Yes, I think that's the dream of many, many cubers. And it's also mine  I'm so lucky, because I live in Germany  But first I have to concentrate on the German Open in 2 days.


----------



## TheBB (Apr 23, 2009)

Sweet, I'll probably have moved to Zurich by then so that's not a killer trip.


----------



## abr71310 (Apr 27, 2009)

All of you guys who are saying that "flights will get cheaper", or are implying it, you're all dead wrong.

If you look at oil prices, they're going to keep rising as the supply in Saudi Arabia goes down to nothing, at which point Canada will be refining and mining oil at like $900 a barrel, selling it at ~$1500. Airline prices would go from $600 for a one-way ticket to Europe to about $2000, if you do the math across how much a plane needs to get from Canada / US --> Europe.

sorry to be the pessimist, but look at the global economy right now, nothing's looking too great, no matter what standpoint you take on it.


I want to go to a WC that will once again be held in Toronto, if it's possible.
Otherwise, I'll just stick to Canadian Cubing competitions.


----------



## Bryan (Apr 27, 2009)

abr71310 said:


> All of you guys who are saying that "flights will get cheaper", or are implying it, you're all dead wrong.
> 
> If you look at oil prices, they're going to keep rising as the supply in Saudi Arabia goes down to nothing, at which point Canada will be refining and mining oil at like $900 a barrel, selling it at ~$1500. Airline prices would go from $600 for a one-way ticket to Europe to about $2000, if you do the math across how much a plane needs to get from Canada / US --> Europe.
> 
> ...



Two points:

1) When people mean that flights will get cheaper, they mean in just a few months. Unless Saudi Arabia is going to run out of oil this year, but I didn't see that memo.
2) I doubt Worlds would ever be held in Toronto again, considering there are many places that haven't held it, and the idea is to spread it around.


----------



## Sin-H (Apr 29, 2009)

yeah Düsseldorf!!!

it's just like 5-6 hours from here.
I never would have thought that Worlds could be nearer than Budapest for me so soon.

so, I'm pretty sure I'm coming


----------



## Dave Campbell (Apr 29, 2009)

Bryan said:


> I doubt Worlds would ever be held in Toronto again, considering there are many places that haven't held it, and the idea is to spread it around.

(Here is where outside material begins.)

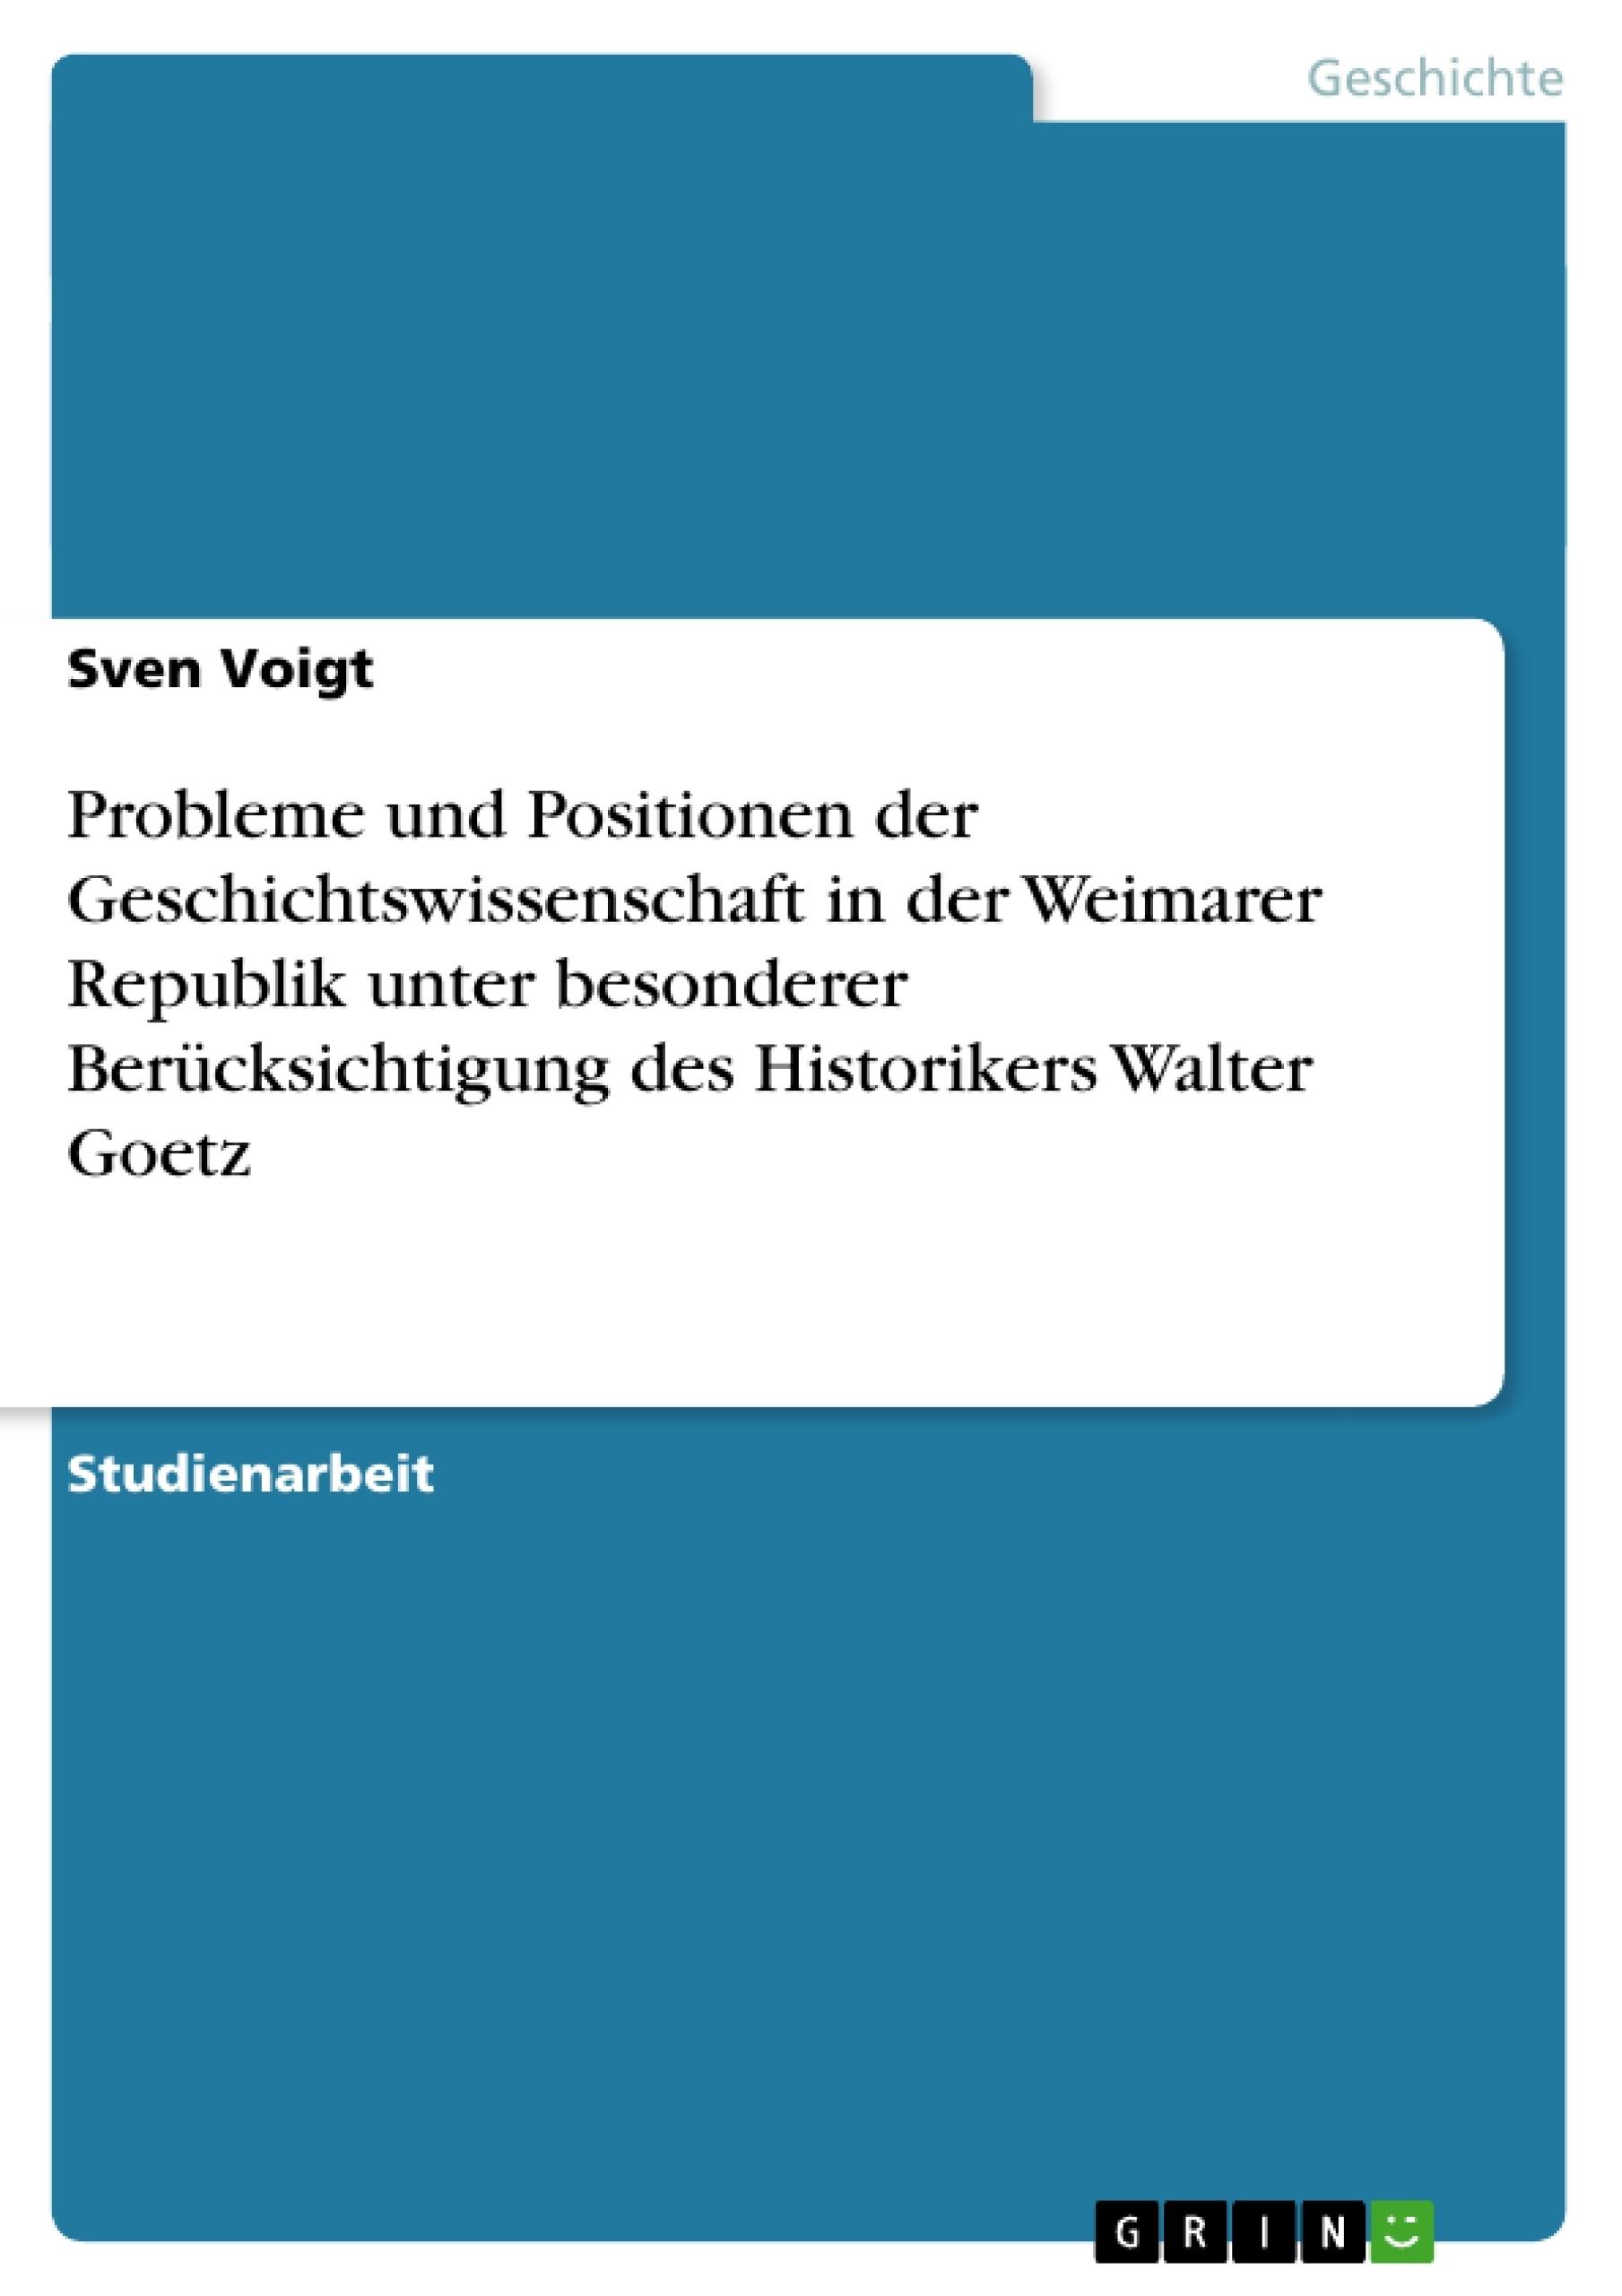 Titel: Probleme und Positionen der Geschichtswissenschaft in der Weimarer Republik unter besonderer Berücksichtigung des Historikers Walter Goetz

Bryan, i am surprised to read this from you. _*Ever* _is a very long time. Even the Olympics repeat in cities over the years. I'd appreciate it if you didn't rule us out for the rest of eternity.


----------



## Kian (Apr 29, 2009)

abr71310 said:


> All of you guys who are saying that "flights will get cheaper", or are implying it, you're all dead wrong.
> 
> If you look at oil prices, they're going to keep rising as the supply in Saudi Arabia goes down to nothing, at which point Canada will be refining and mining oil at like $900 a barrel, selling it at ~$1500. Airline prices would go from $600 for a one-way ticket to Europe to about $2000, if you do the math across how much a plane needs to get from Canada / US --> Europe.
> 
> ...



You have absolutely no idea what you're talking about. 

1) Oil production goes up and down depending on supply/demand and is regulated by OPEC, but there is so much oil left in the ground it's ridiculous. Yes, eventually there will not be much oil, but it's going to be a very, very long time.

2) Oil is a commodity, and commodity pricing fluctuates greatly, but it will not skyrocket and run the risk of being underused.

3) OIL WILL NOT BE ANYWHERE NEAR 900 dollars a barrel in the near future. I have no idea where you came up with that insane number. You realize that's EIGHTEEN times what it is now, right? Also, your idea that oil prices keep going up is silly. We reached a high last summer but prices now are lower than they were 5 years ago. It's cyclic.

4) Your "math" makes absolutely no sense. Even with your crazy numbers. You do realize that planes take more than one person, right?

5) Plane tickets to Europe will remain cheap because people aren't traveling. The infrastructure for travel is already built, and they have to sell the seats. This is the best time to travel to Europe from the United States in recent memory because the prices have gone down considerably.

6) tickets are cheap and will remain relatively cheap for a while to head to Germany and the rest of Europe. Now, I can't say the absolute best rate will be there in a few weeks, but your knee-jerk alarmism shouldn't scare people into not taking their time planning out their trip.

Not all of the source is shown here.